Recognizing training burnout can be hard and dealing with it is a long process. You can save yourself a lot of trouble with prevention. In this article, we will go over several practical tips that will bulletproof you against burnout and allow you to enjoy cycling long term.

As you know from previous articles in the series, burnout is often psychological but can be accompanied by physical overtraining symptoms. You need to take care of both the body and the mind to protect yourself against burnout. See if you can improve in one or more of the following areas.
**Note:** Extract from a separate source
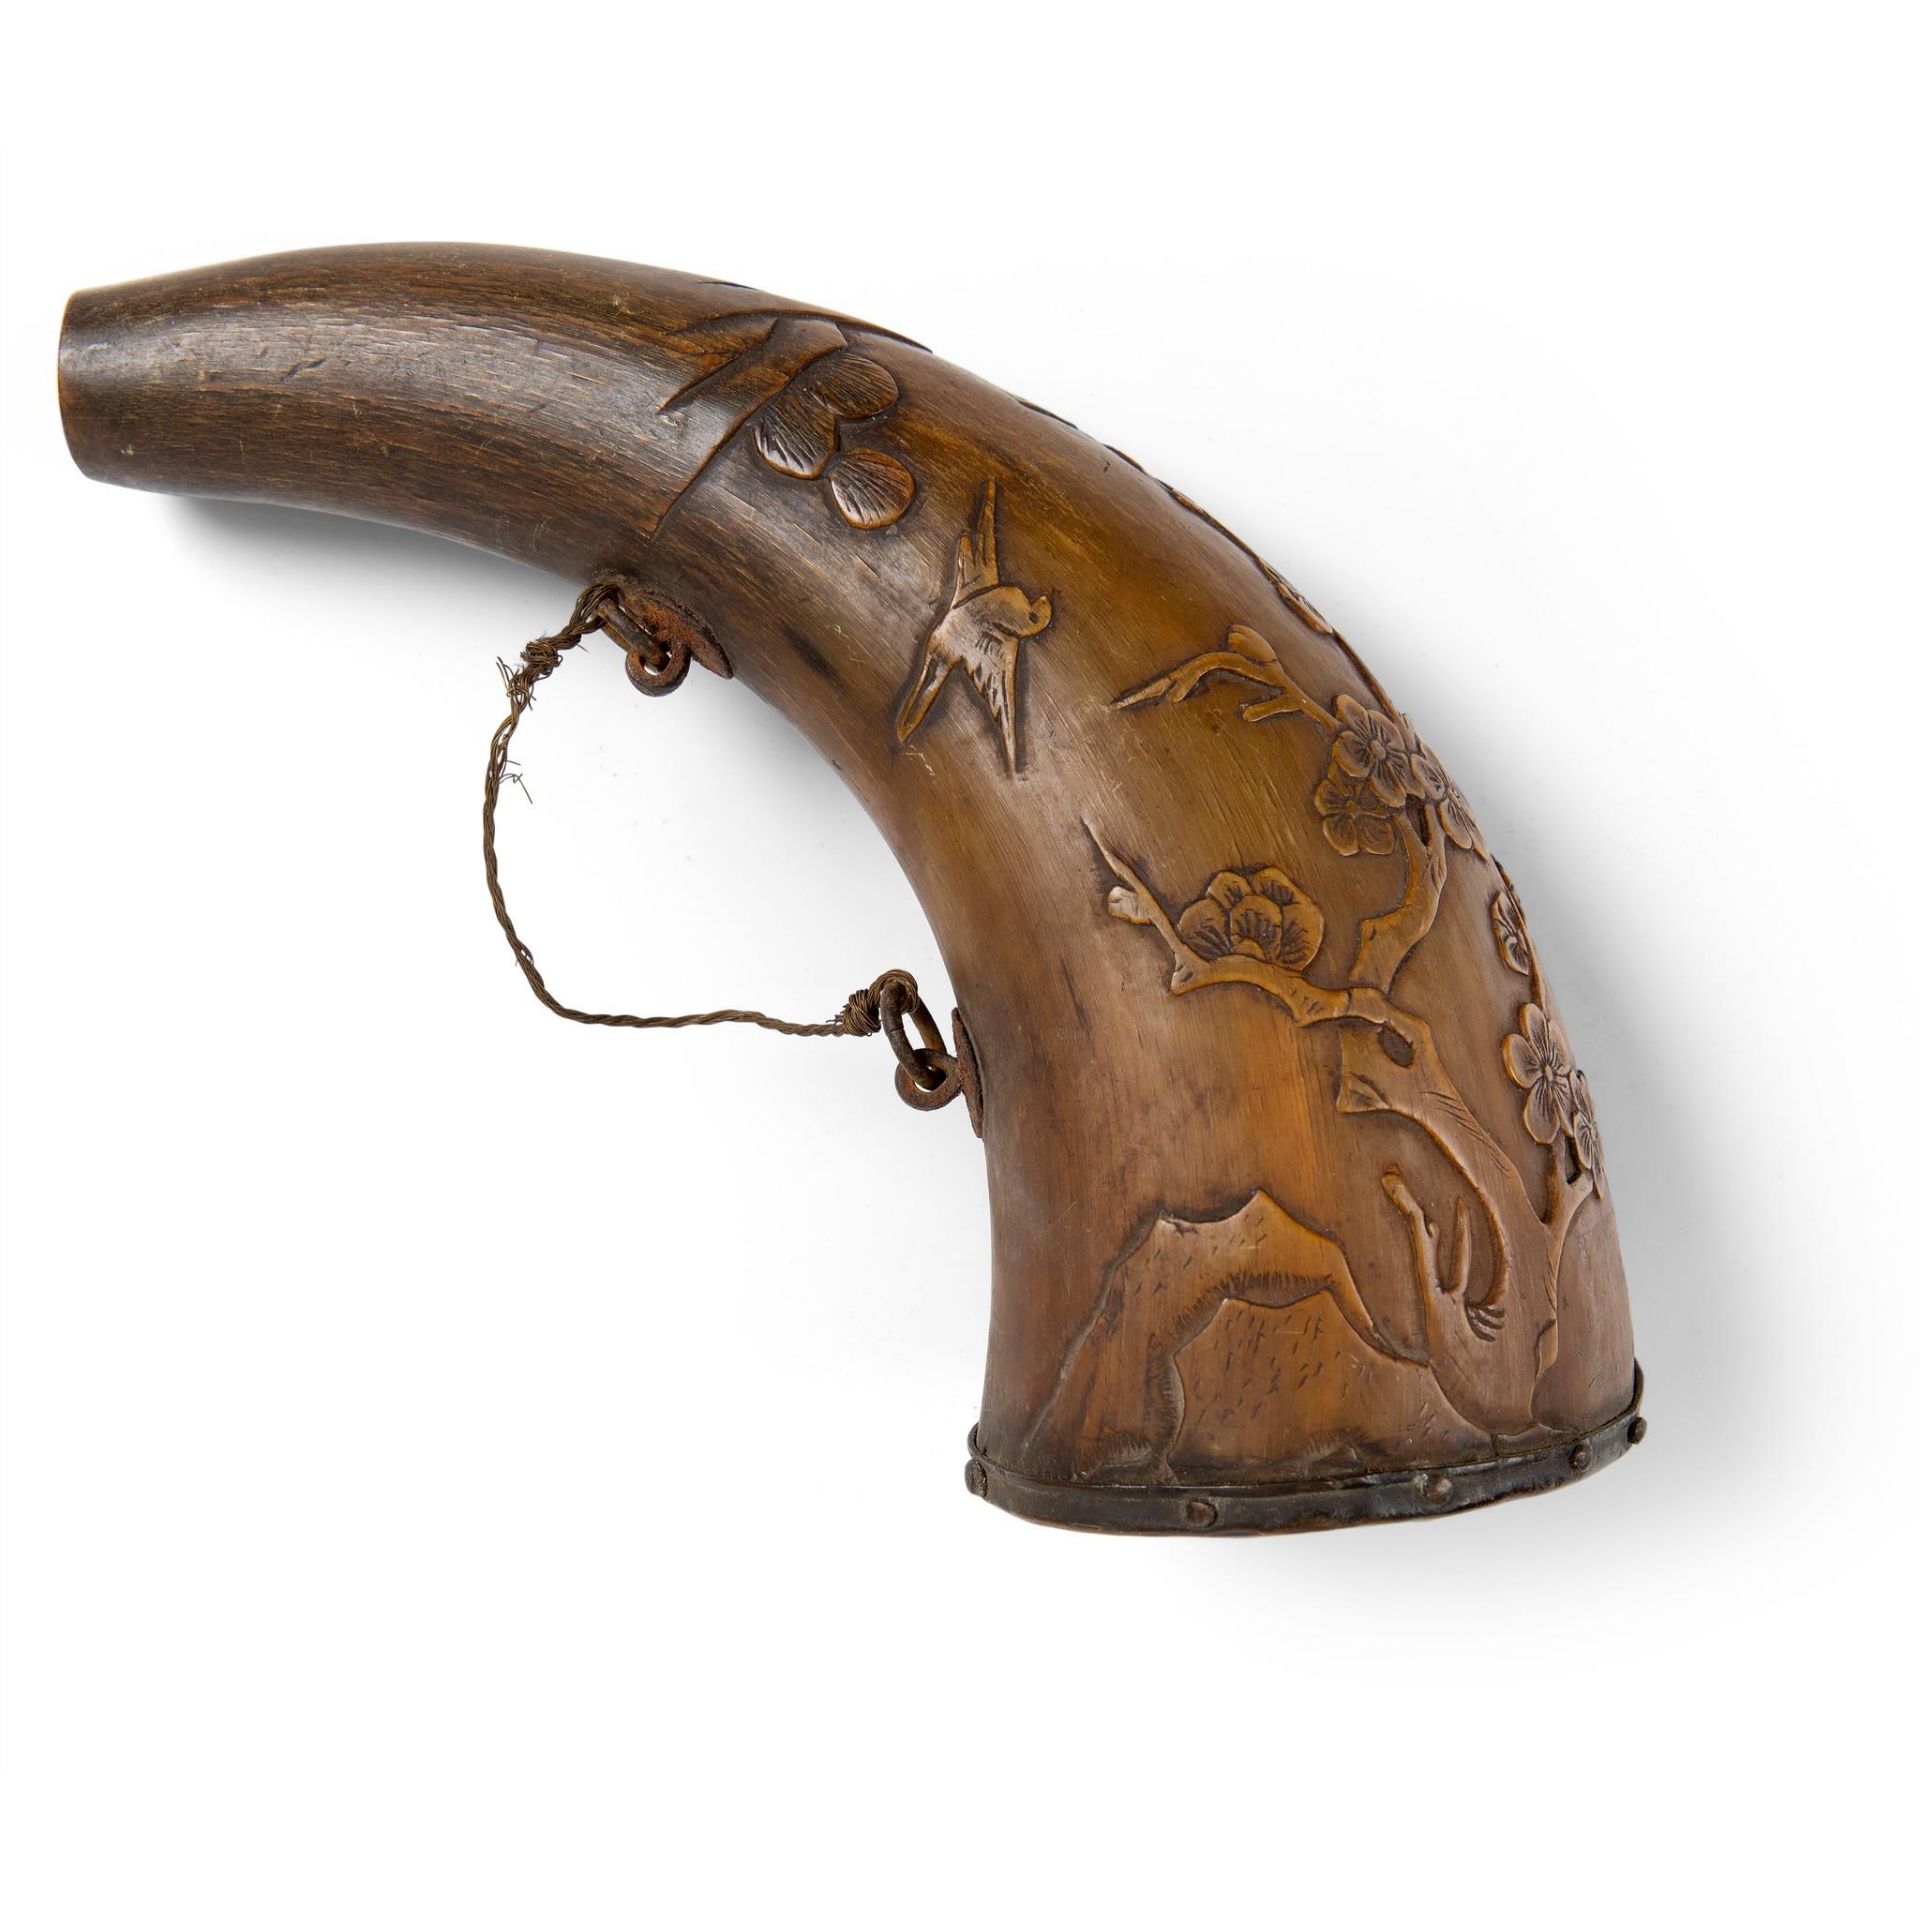 UNUSUAL 'POETRY' BUFFALO HORN WINE CONTAINER QING DYNASTY, 19TH CENTURY
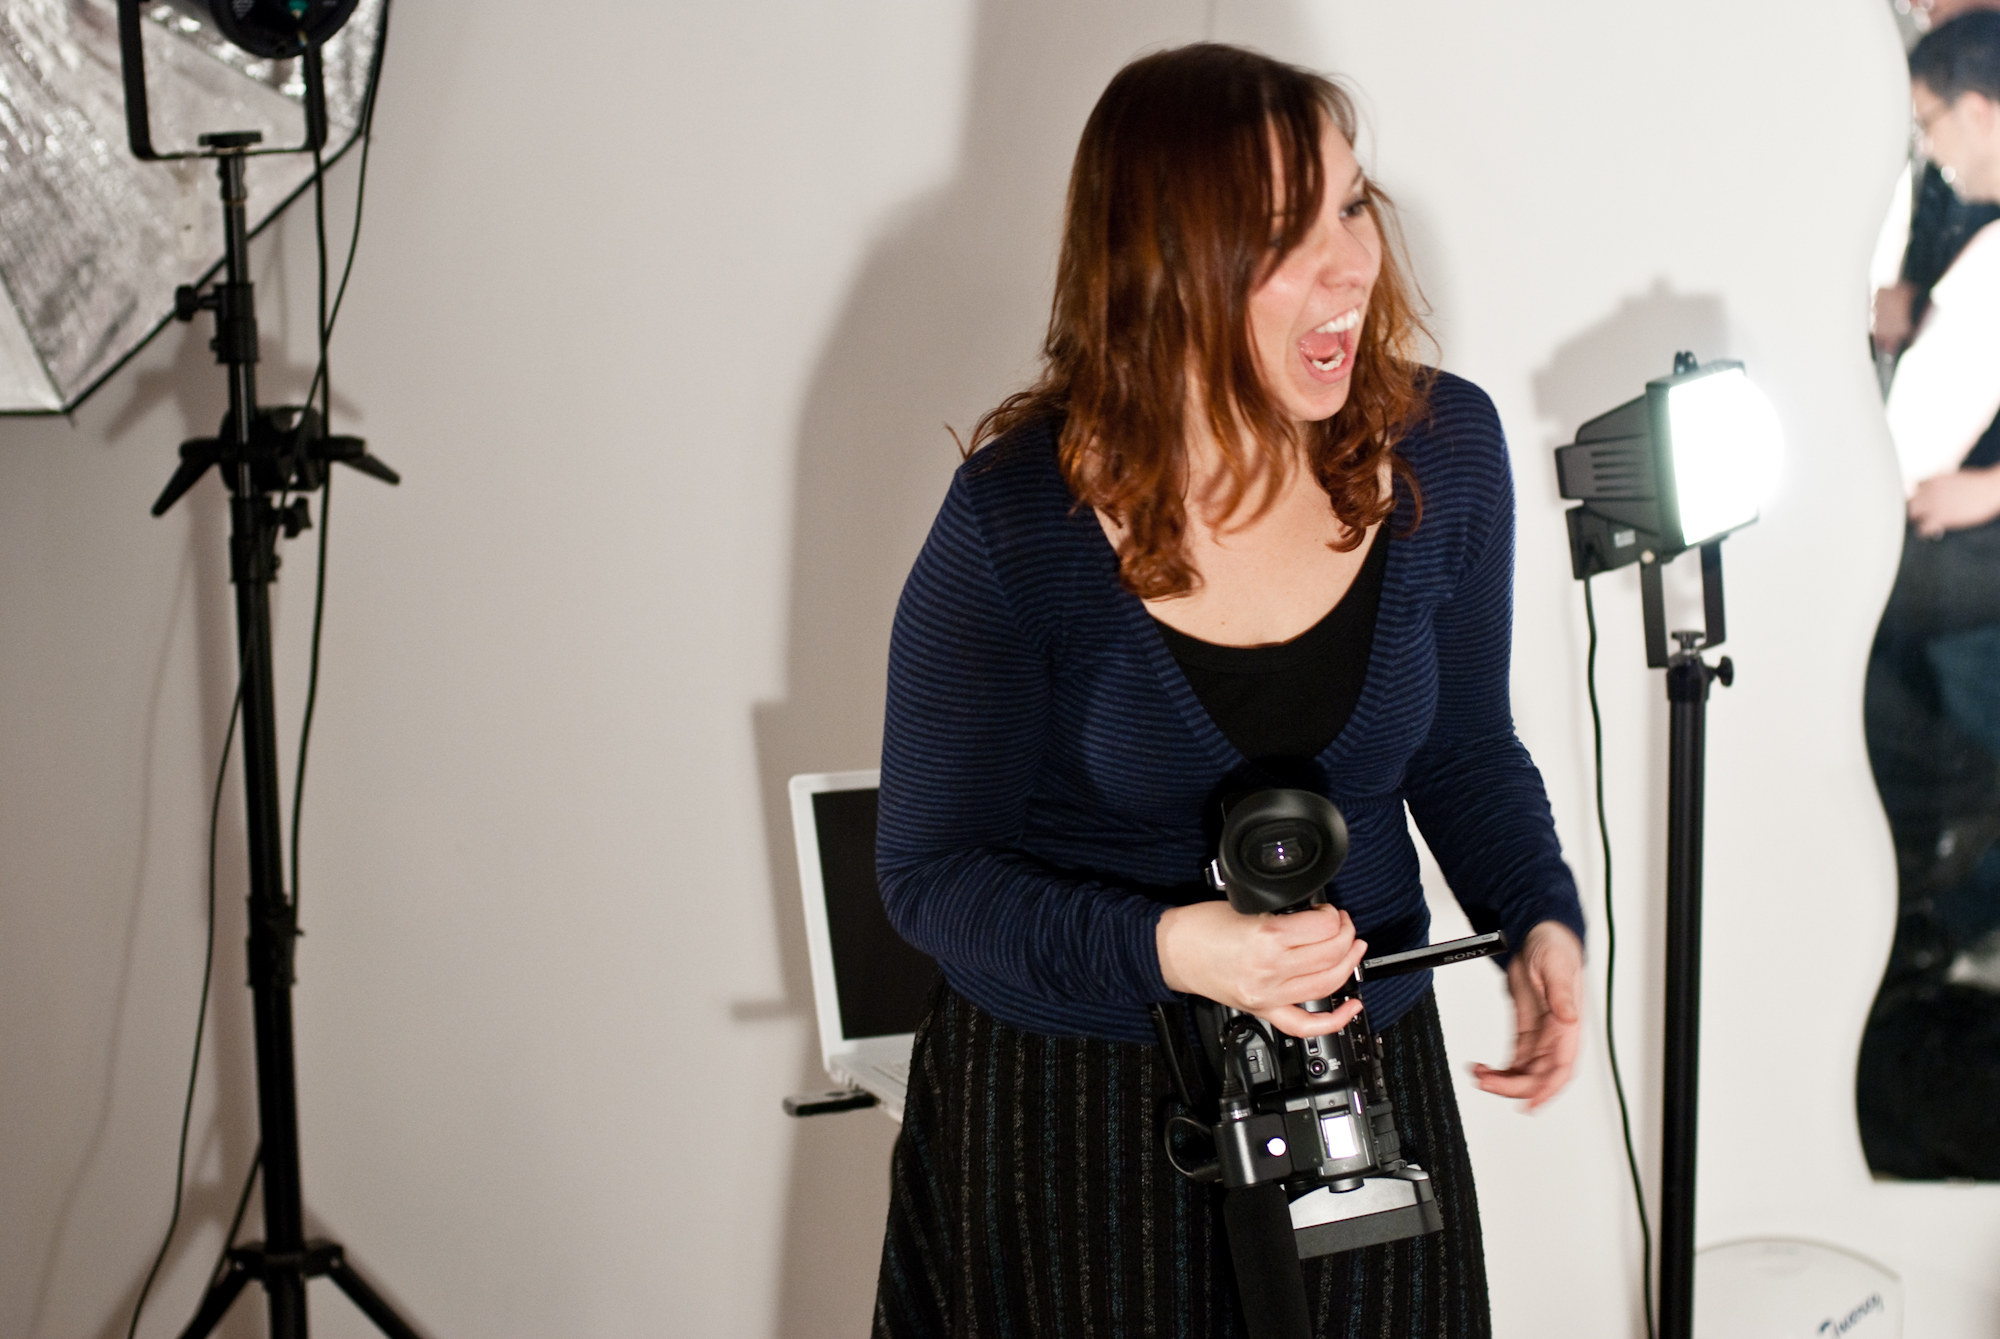 the woman is laughing while holding a video camera

Understand the deeper reason why you train

Cyclists driven mainly by external motivation in the form of podiums, times, and events are at a higher risk of burnout. These outcomes are often not under your control and only bring motivation in the short term. Try going deeper and ask yourself the important question. Why do I ride? Is it for the adventure, to test yourself, to feel connected to nature or to enjoy the company of like-minded people? Those are the reasons that are much less likely to leave you with burnout.

Find training partners

There are so many advantages to training with others. You will learn how to handle your bike in a group, which can be handy during races. You’ll learn from others and stay in the loop about the latest cycling news, new gear, and events. And maybe, most importantly, you’ll develop lasting relationships that will keep you coming back to training even when other reasons fade.

Add variety and play

It’s not a good idea to constantly change how you train, that’s a recipe for stalled progress or even injury. On the other hand, regularly reserving some of your training time to play can be really beneficial. The added variety will keep you engaged and playfulness strengthens your love for cycling. Play can be as simple as sharing a ride with your friends or choosing a new or adventurous location, no power meters, no heart rate monitors, and no intervals. Think aboutwhat brings you the most joy about cycling and do that for your “play” session, even if it doesn’t really fit with your training plan.

Don’t focus too much on the numbers

It’s a great feeling to see your times shrink and watts increase. Watching your stats improve can be a good source of motivation but only when things are going well. If you start stagnating or even getting worse, numbers become the enemy of your enthusiasm to train. It helps to develop other ways of looking at your training sessions. For example, learn to celebrate the quality of your training, not just the quantity. Pay attention to how you feel during a ride and after it. Celebrate when you push through a hard interval session, even if the numbers are a bit off. Also, getting a coach that can help you interpret the numbers from the right perspective is valuable.

Learn to enjoy rest

Once you’re on a roll and improving, taking a rest day can feel like a chore. Athletes often tend to fill their rest days with other activities and errands and end up not resting very much at all. This bad habit can result in overtraining and reduced energy and motivation for your main training sessions. Embrace rest and learn to enjoy it. Don’t hesitate to book rest time into your calendar if that helps. Anything that will help you physically and mentally recover.

Fuel your body appropriately

Quality nutrition and proper hydration can go a long way in preventing burnout. It may seem obvious but many athletes still don’t take this part seriously. You don’t need to do anything advanced, just put a high value on getting the basics right. Make sure your main meals of the day contain plenty of protein and vegetables. Take snacks and plenty of fluids on your rides and refuel with a good mix of protein and carbs after hard sessions. If you also get good sleep and manage stress, you won’t have to fear burnout at all.